# GIVEN DATA
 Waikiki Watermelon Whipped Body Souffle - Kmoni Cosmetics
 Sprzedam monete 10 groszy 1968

---

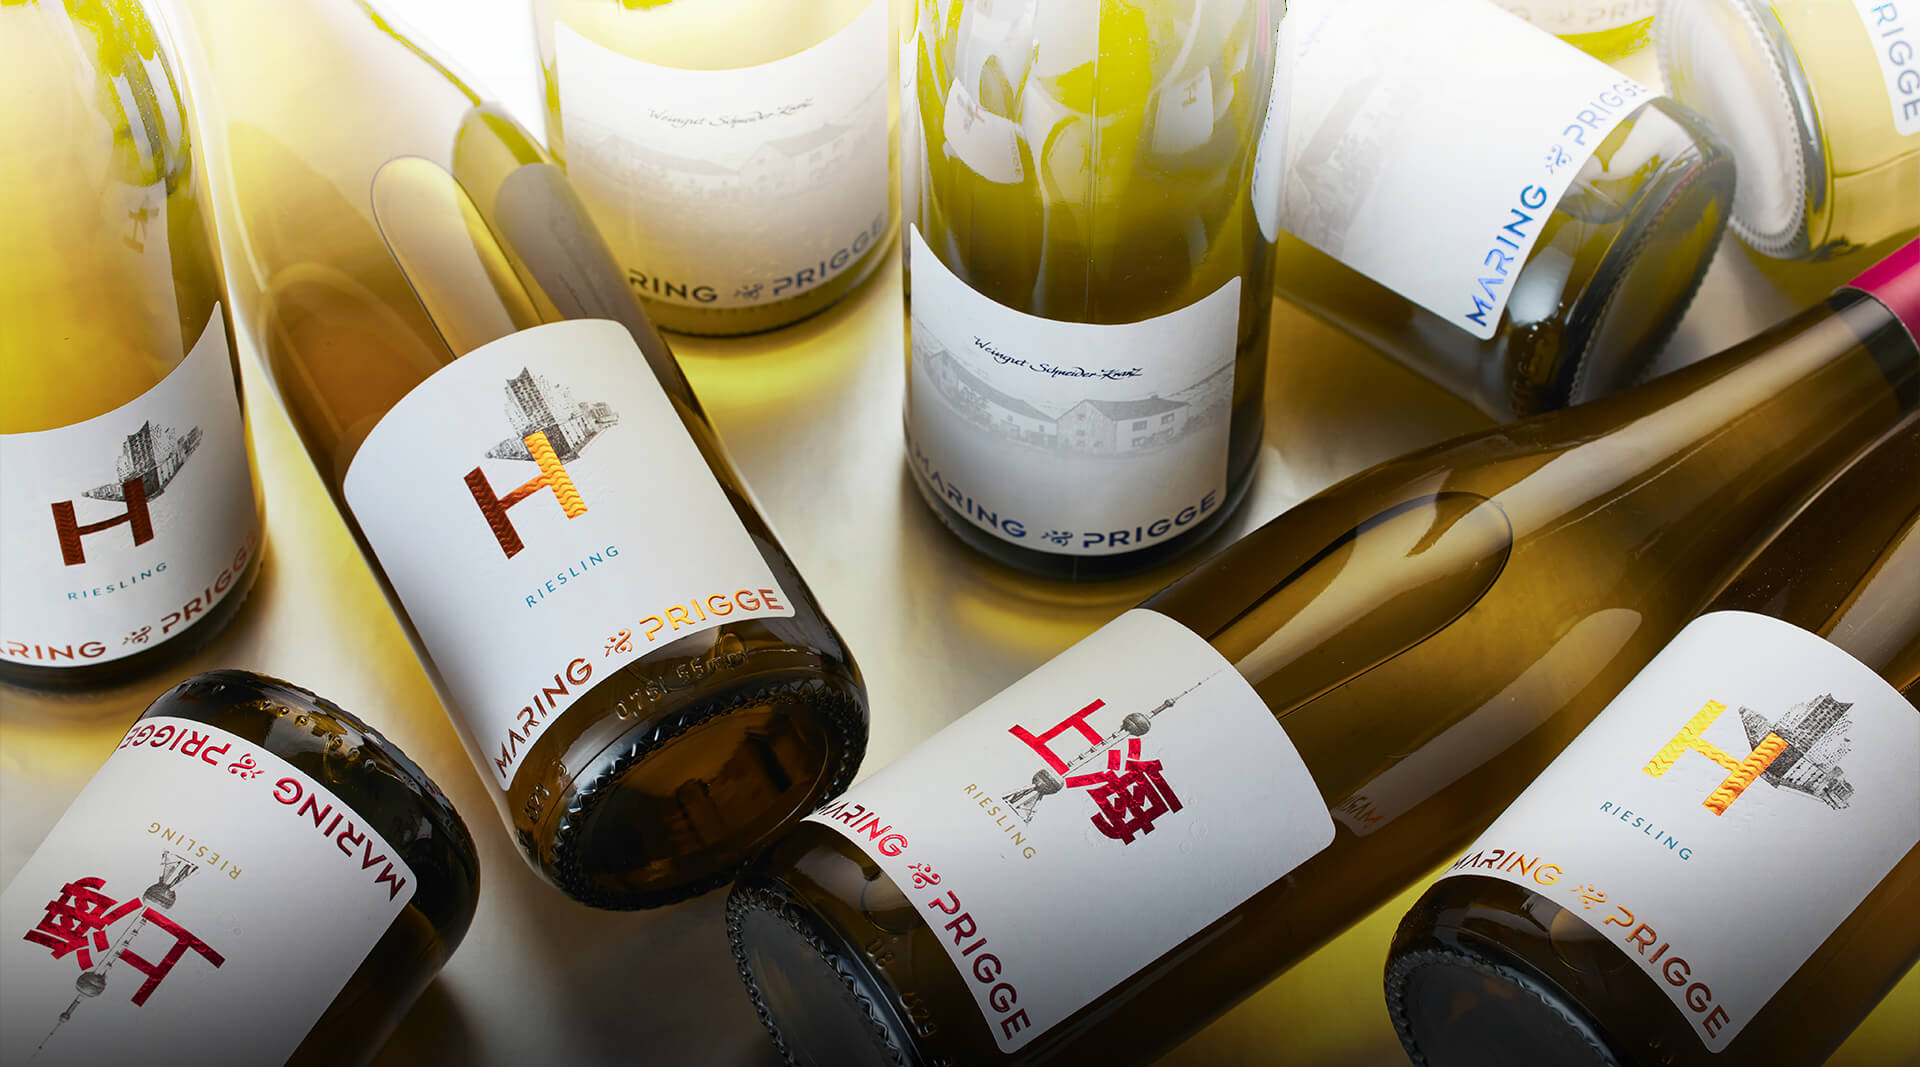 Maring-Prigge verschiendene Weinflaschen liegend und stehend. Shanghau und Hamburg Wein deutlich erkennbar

# EXERCISE AIM
From the records above, give again exactly the lines running from the line with "Waikiki Watermelon Whipped" to the line with "Sprzedam monete 10 groszy 1968", inclusive.

# OUTPUT FOR THIS EXERCISE
 Waikiki Watermelon Whipped Body Souffle - Kmoni Cosmetics
 Sprzedam monete 10 groszy 1968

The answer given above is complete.